A Different Perspective
We're pleased to report that Hikma Pharmaceuticals shareholders have received a total shareholder return of 24% over one year. That's including the dividend. That's better than the annualised return of 1.5% over half a decade, implying that the company is doing better recently. Someone with an optimistic perspective could view the recent improvement in TSR as indicating that the business itself is getting better with time. It is all well and good that insiders have been buying shares, but we suggest you check here to see what price insiders were buying at.
Hikma Pharmaceuticals is not the only stock that insiders are buying. For those who like to find winning investments this free list of growing companies with recent insider purchasing, could be just the ticket.
Please note, the market returns quoted in this article reflect the market weighted average returns of stocks that currently trade on GB exchanges.

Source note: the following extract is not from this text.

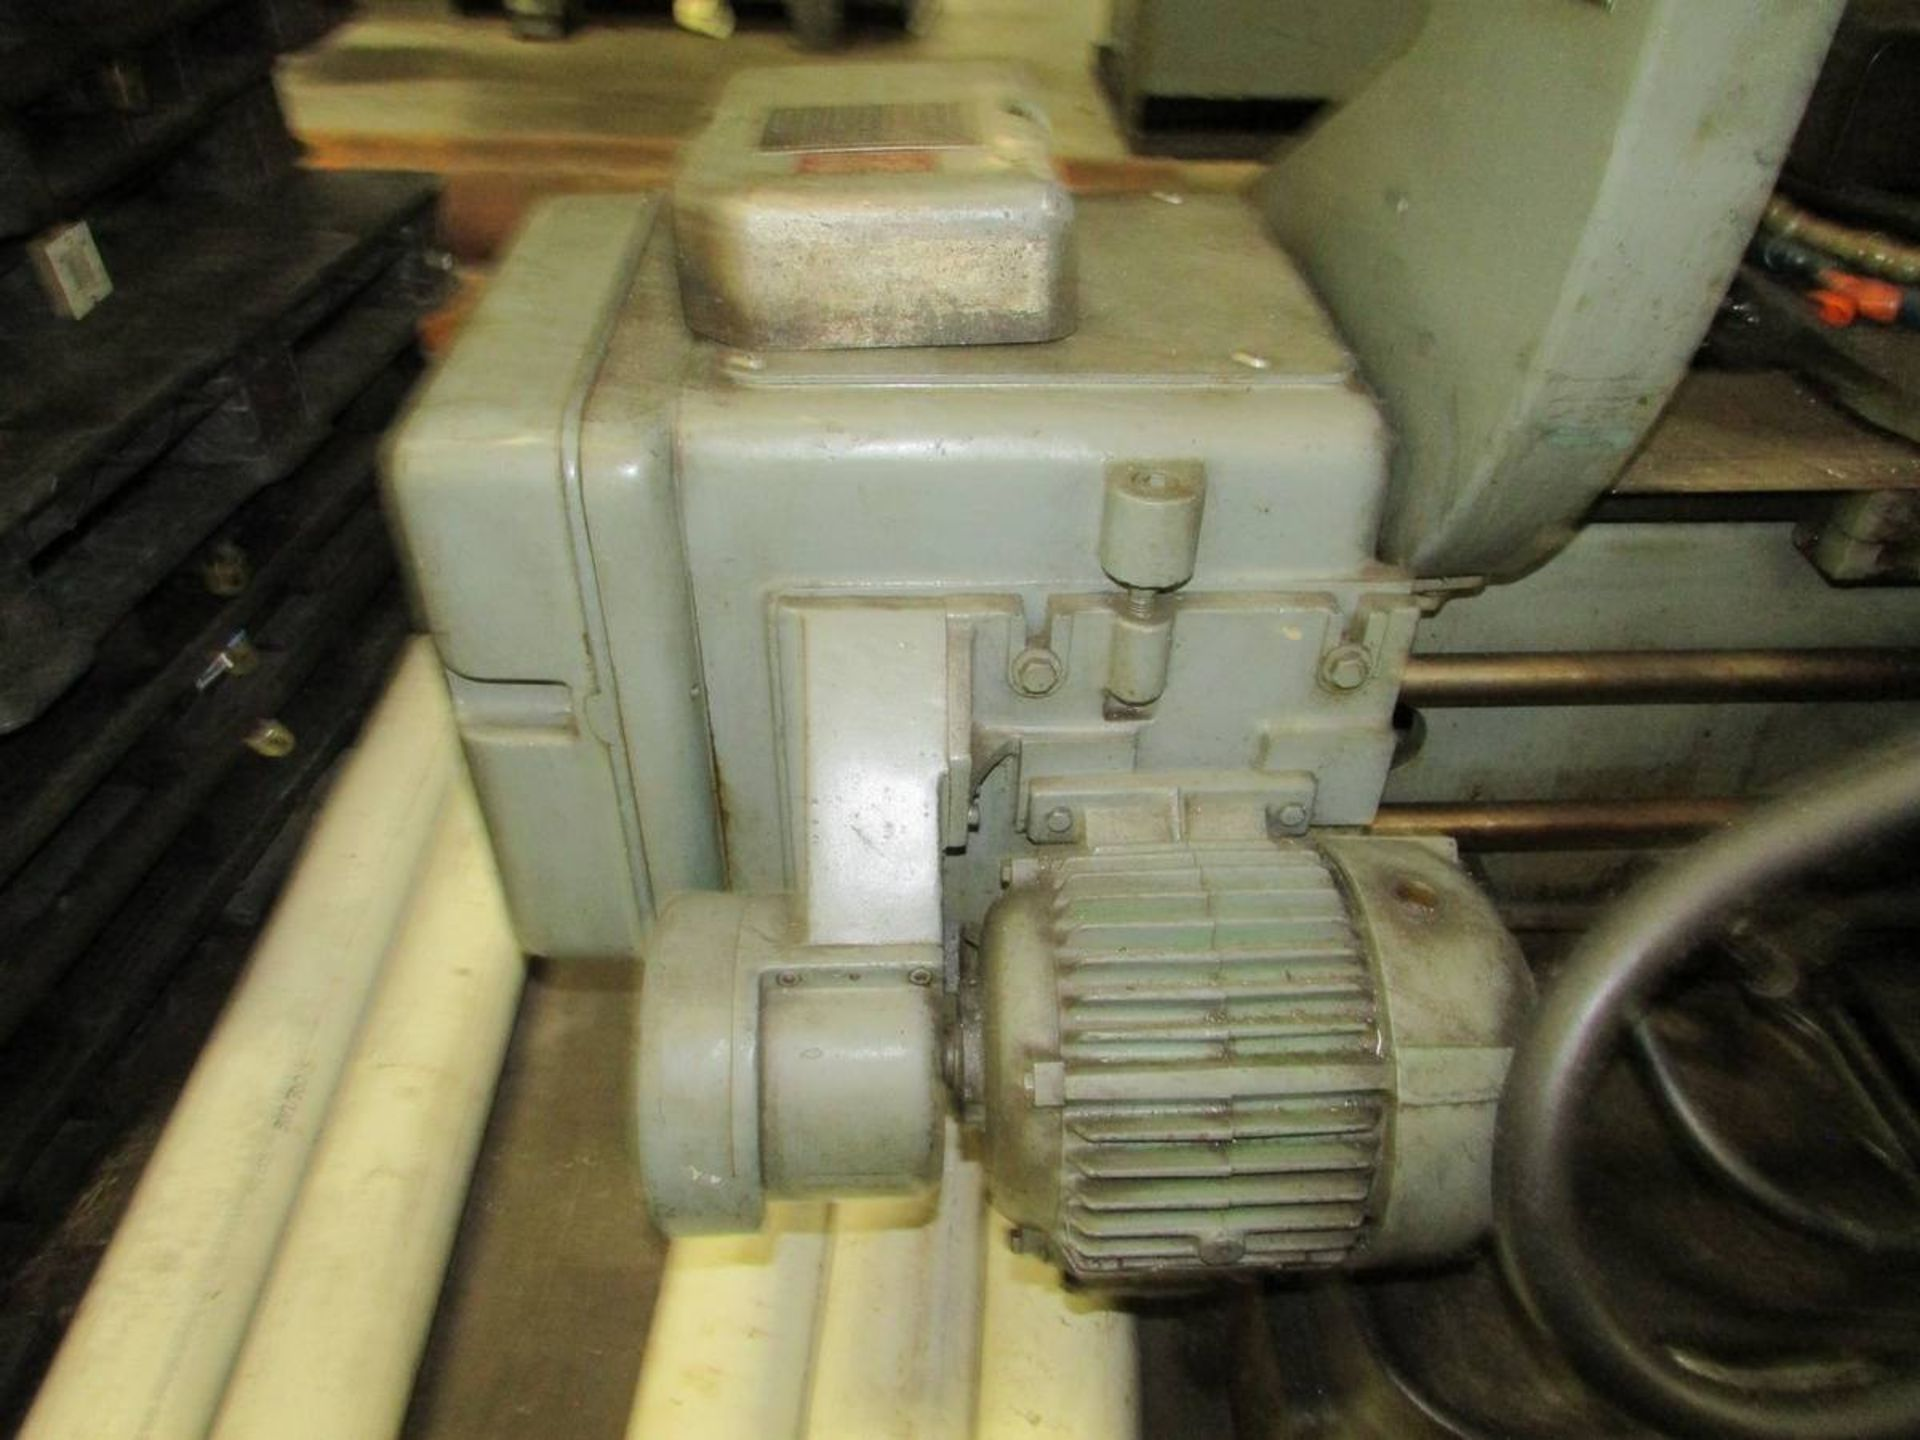 Barber Colman 16-16 Gear Hobbing Machine - Image 14 of 24

We aim to bring you long-term focused research analysis driven by fundamental data. Note that our analysis may not factor in the latest price-sensitive company announcements or qualitative material.
If you spot an error that warrants correction, please contact the editor at firstname.lastname@example.org. This article by Simply Wall St is general in nature. It does not constitute a recommendation to buy or sell any stock, and does not take account of your objectives, or your financial situation. Simply Wall St has no position in the stocks mentioned. Thank you for reading.